Nice to see an old Raleigh given new life, especially one that the bike snobs wouldn't bother saving. I'm a huge fan of using spare parts to get rescued vintage bikes back on the road.


----------



## rockhopper97 (Jul 30, 2014)

if it wasnt for me saving old MTB's, I would most likely be stuck with a BSO.......both of my bikes are ones I have saved....its a good feeling to rebuild something most people would have tossed... my other bike is a 97 specialized rockhopper......the rockhopper is the only one saving from the beginning of hauling off peoples old bikes.... over time I have kept a few bikes and upgraded as better ones came along


----------



## AvgJoeSF (Oct 6, 2016)

I definitely understand. My most-ridden bikes are a built-up 2000 Rockhopper Comp and a stripped-metal 1996 Big Sur with the logos removed from all its updated parts. I don't enter races and I don't use high-end components as status symbols (or as a substitute for riding skills). I've lived in major cities long enough to know that even keeping bikes indoors isn't enough to keep them safe from thieves, so why would I consider spending thousands on a comparable newer bike?


----------



## OlMarin (Oct 22, 2016)

AvgJoeSF said:


> I definitely understand. My most-ridden bikes are a built-up 2000 Rockhopper Comp and a stripped-metal 1996 Big Sur with the logos removed from all its updated parts. I don't enter races and I don't use high-end components as status symbols (or as a substitute for riding skills). I've lived in major cities long enough to know that even keeping bikes indoors isn't enough to keep them safe from thieves, so why would I consider spending thousands on a comparable newer bike?
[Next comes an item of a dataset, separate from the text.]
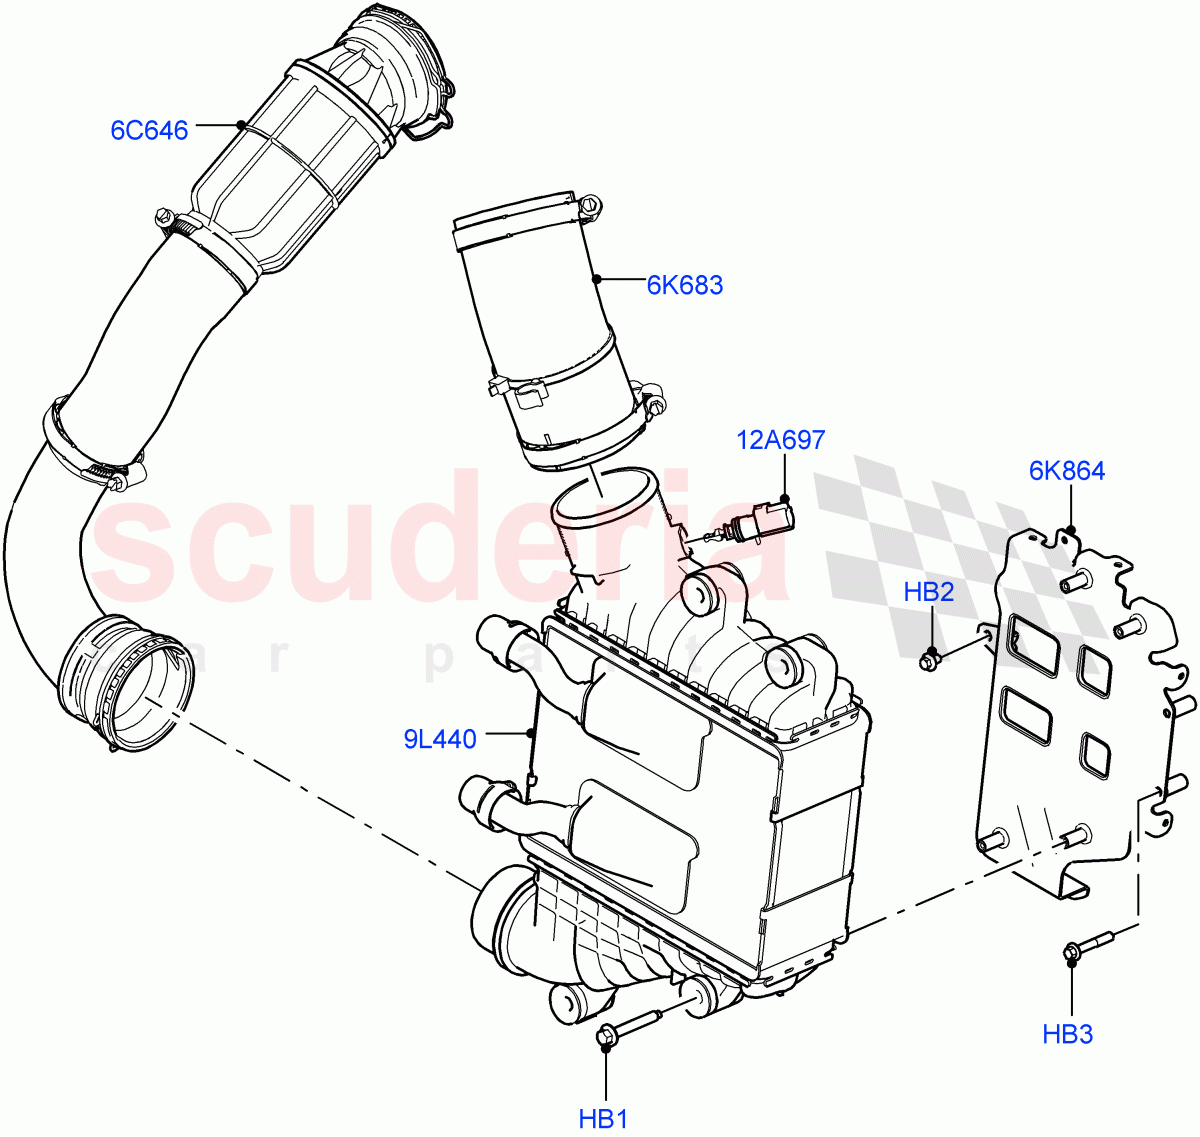 Intercooler/Air Ducts And Hoses(2.0L I4 DSL HIGH DOHC AJ200)((V)FROMJH000001) of Land Rover Land Rover Range Rover Evoque (2012-2018) [2.0 Turbo Diesel]

Well played, sir!! Specially the hard core commuters. Ugly is a blessing. And there are many parts out there that work. I'm a fan of finding free parts, keeping them around and finding more parts to make a complete bike. With left over parts. Meaning you're scrounging for more bike parts. For another complete bike. With left over parts......................................
Help me.


----------



## rockhopper97 (Jul 30, 2014)

turned the rockhopper into a commuter bike and did more work on the tangent.... both are almost done


----------